Beletsky connected the HIV numbers among injecting-drug users and the city’s handling of the area known as Mass. and Cass, which for years was seen as the heart of the Boston’s opioid epidemic.
City crews cleared out scores of tents in the area around the intersection of Massachusetts Avenue and Melnea Cass Boulevard in January, the most aggressive and concerted effort in recent years to dismantle the unsanitary camps in what was considered an open air illicit drug market, move people off the streets, and place them into transitional housing.
Diffusing the concentration of homeless, said Beletsky, can make “it seem like things are better, but it further marginalizes and makes it harder for them to access services.” Such a move can also lead to upticks in overdoses and HIV infections, he said.
The city pushed back on any connection between the city’s approach to Mass. and Cass and the HIV outbreak.
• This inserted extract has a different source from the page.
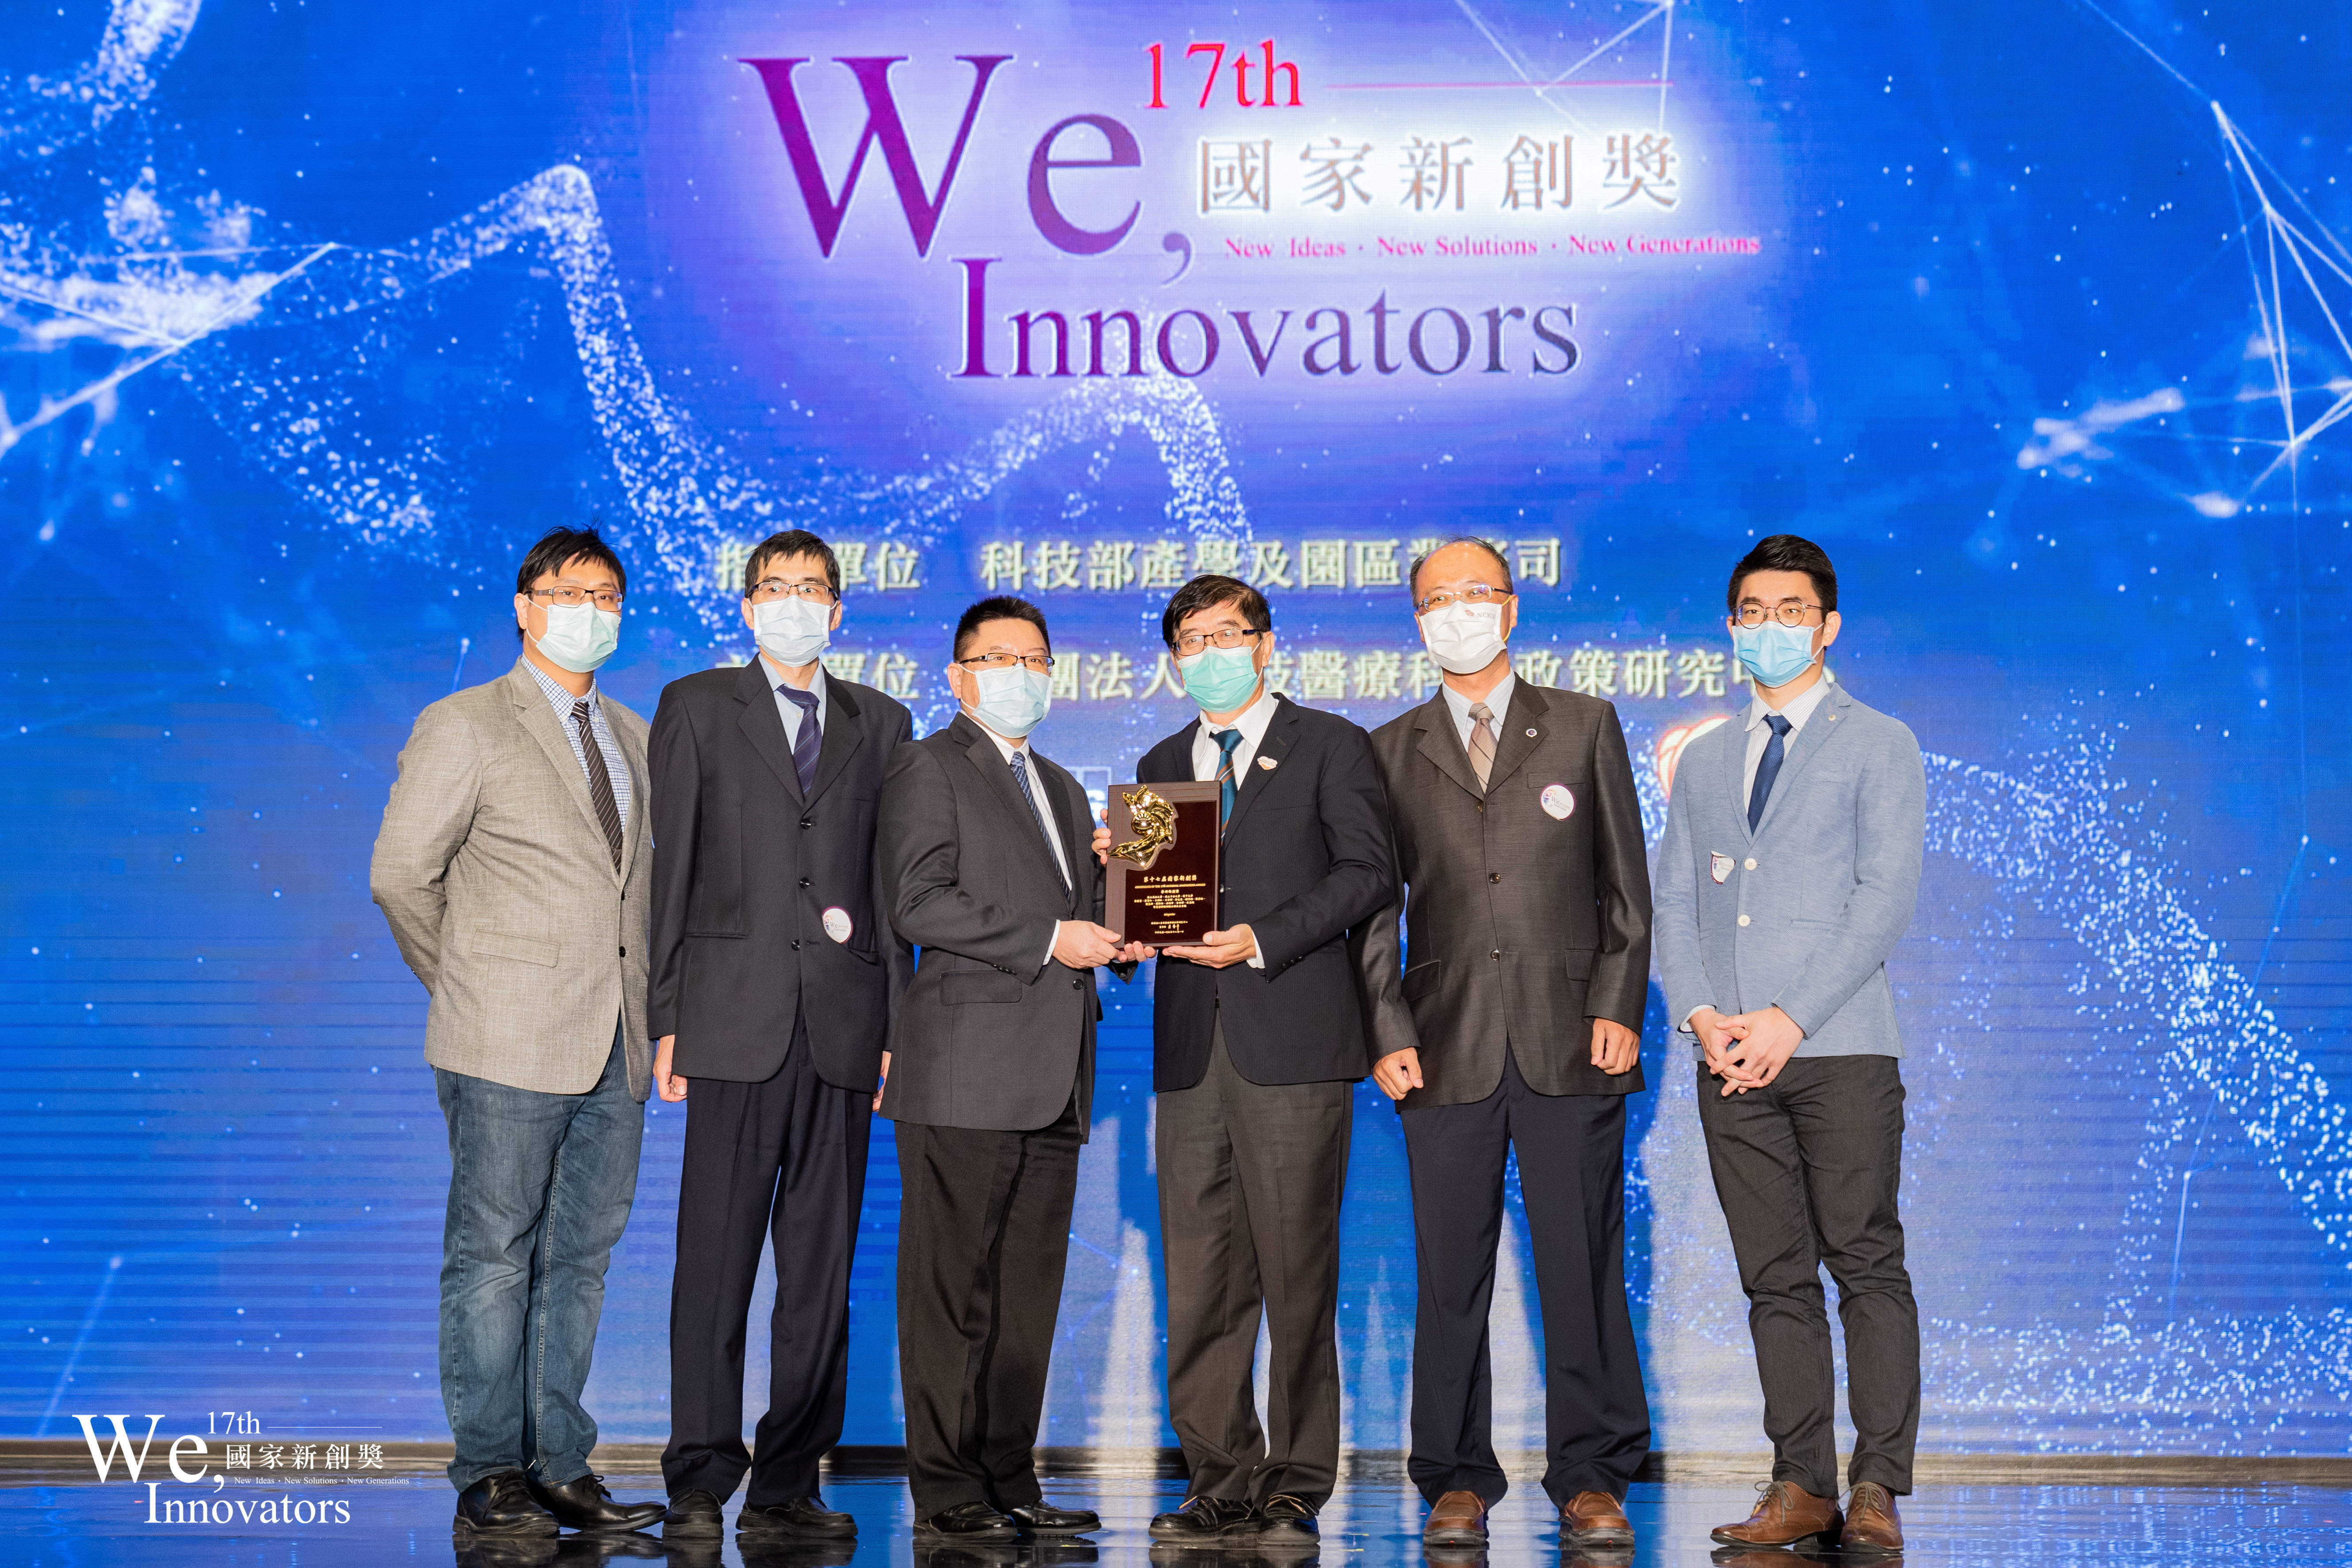 學研新創獎 智慧醫療與健康科技類獲獎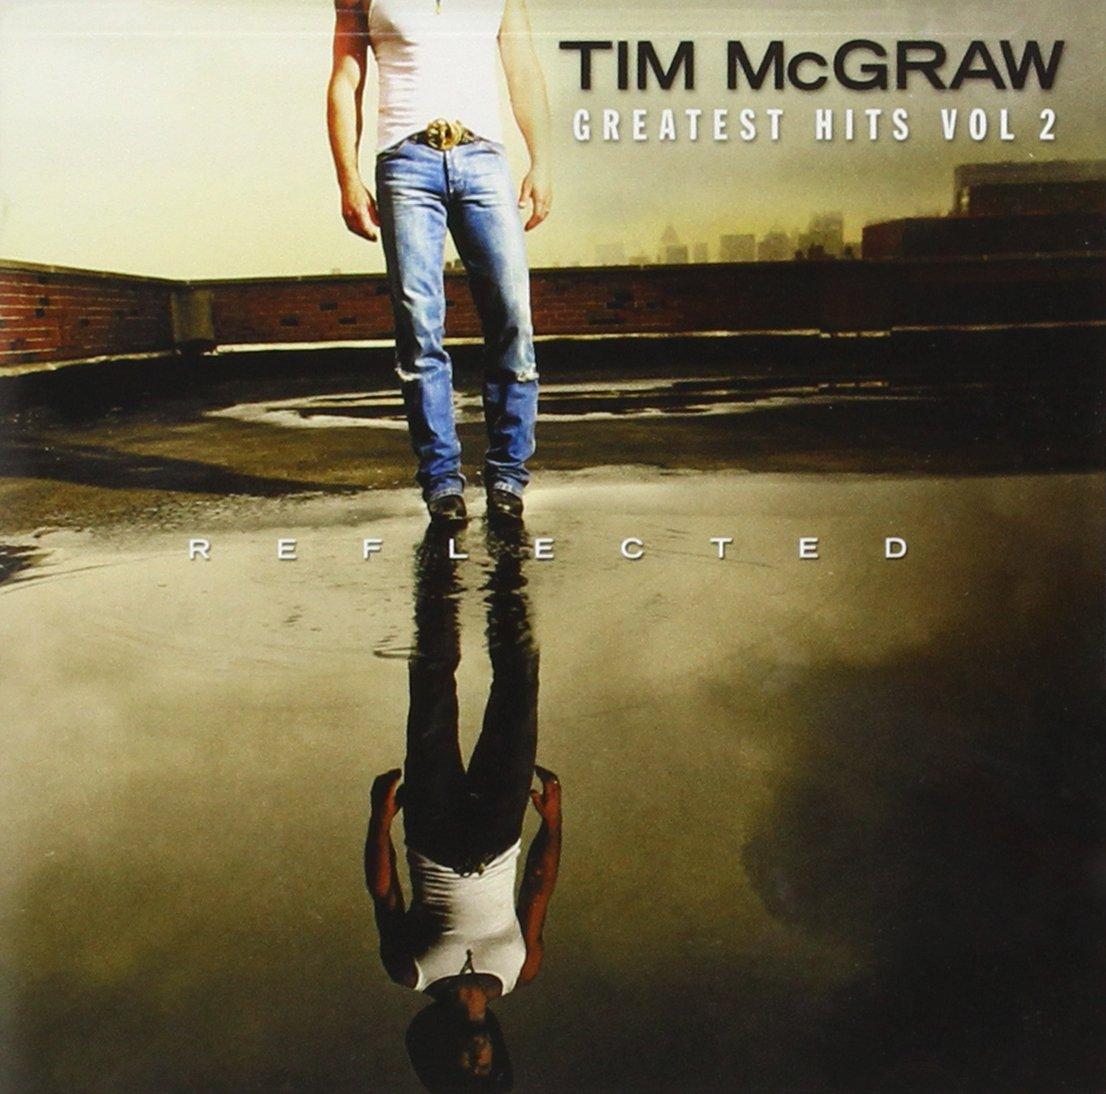 Tim mcgraw tim mcgraw greatest hits vol 2 amazon music hexwebz Gallery

Jon Latino, a spokesman for the Boston Public Health Commission, said, “Based on what we are seeing on the ground, there is no evidence to suggest that the clearing of the tent encampments has spawned a sudden uptick in [injection drug use] HIV rates.”
And state statistics show that there were seven HIV cases in Boston among those who inject drugs reported to the Department of Public Health between the start of February and mid-March, which shows the bulk of the recent increase in reported cases preceded the tent clearing.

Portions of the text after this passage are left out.